The assessee has all along declared the rent receipt on the basis of 32634.41 sq. ft. area occupied by the tenant Reliance Mediaworks Ltd. which has been accepted by the predecessor learned AO in the assessment order dated 6.01.2015 framed under Section 143(3) of the Act (pages 22-23 of paper book) for the assessment year 2012-13. The facts remain the same in the succeeding assessment year 2013-14, presently under consideration. In Radhasoami Satsang vs. CIT [193 ITR 321 (SC)], the Hon’ble Supreme Court observed that though strictly speaking res judicata does not apply to income-tax proceedings but where a fundamental aspects permeating through the different assessment years has been found as a fact one way or the other and parties have allowed that position to be sustained by not challenging the order, it would not be at all appropriate to allow the position to be changed in a subsequent year. The principles laid down by the Hon’ble Supreme Court in Radhasoami Satsang vs. CIT (supra) has been applied by the Hon’ble Delhi High Court in Director of Income-tax vs. Lovely Bal Shiksha Parishad [266 ITR 349 (Del)]. Rule of consistency has to be followed as held by the Hon’ble Supreme Court in CIT vs.

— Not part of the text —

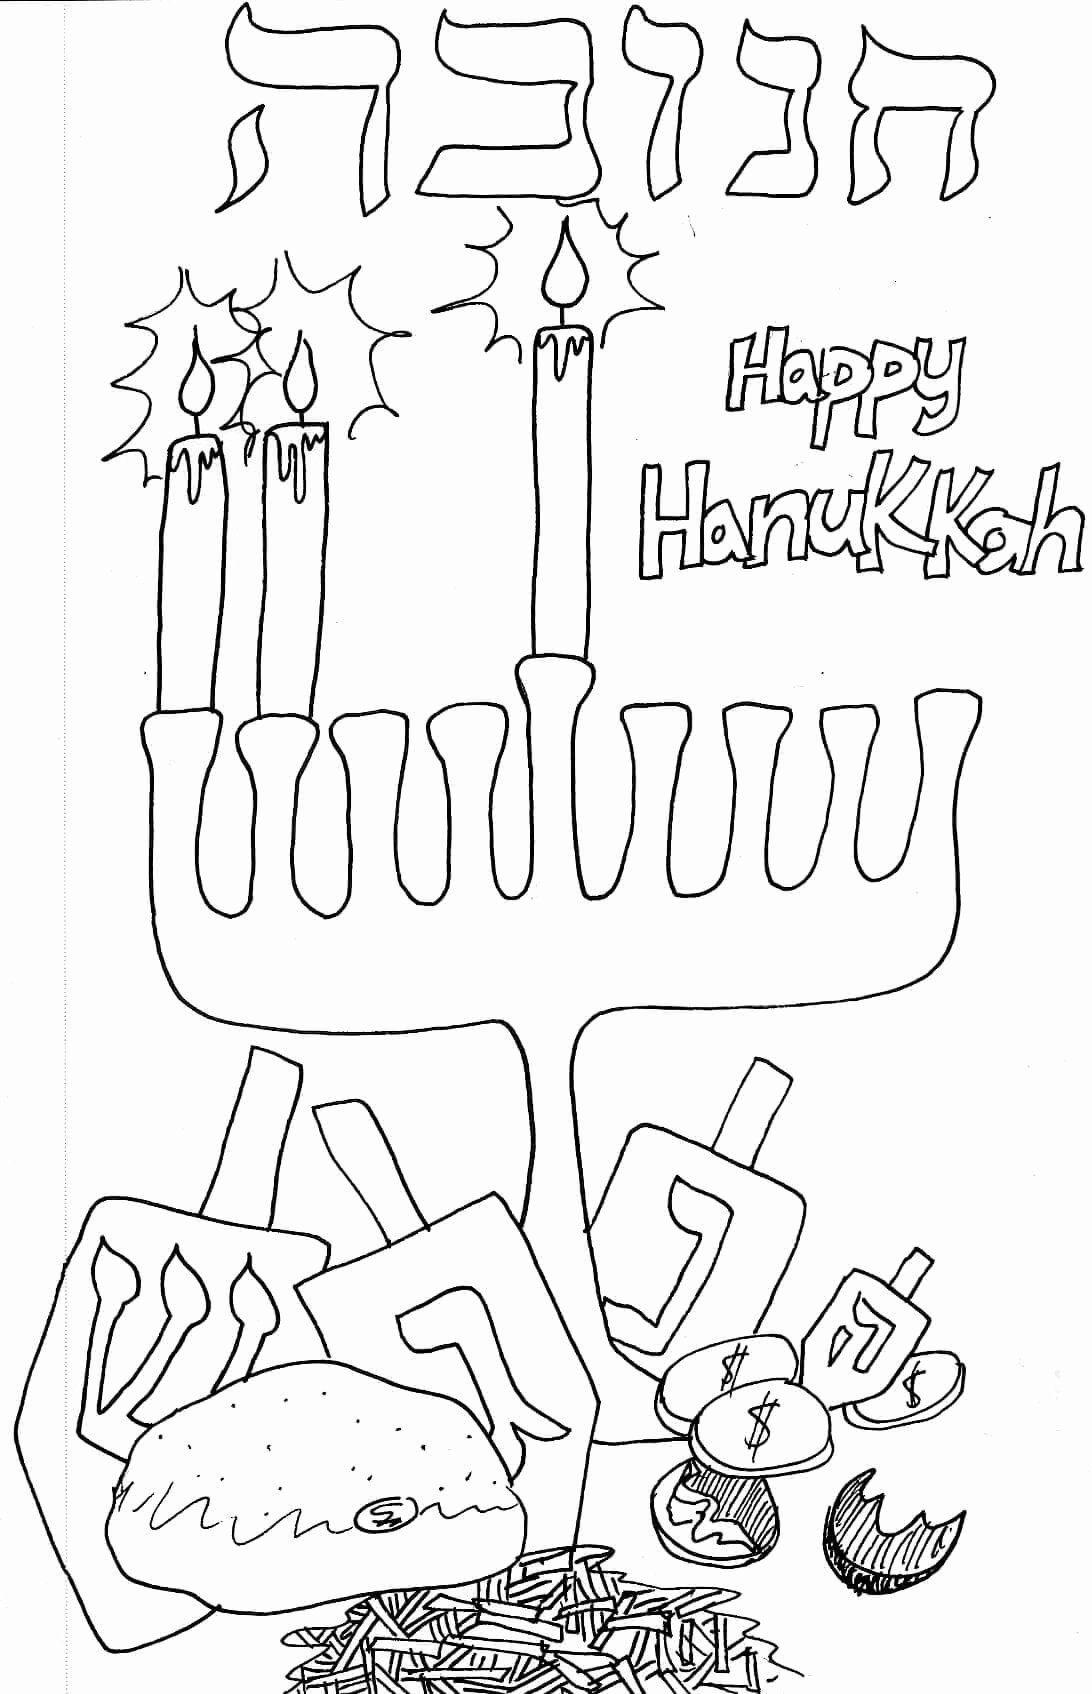 Printable Hanukkah Coloring Pages Beautiful 30 Free Hanukkah Coloring Pages Printable Menorah Hanukkah Drawing

Narendra Doshi [254 ITR 606 (SC)].

The assessee categorically denied receipt of rent over and above what is reflected in its books of accounts. Nothing has been brought on record to contradict the version of the assessee either by the learned AO or by the learned CIT(A). We, therefore, hold that rental income which has not been received by the assessee cannot be brought to tax.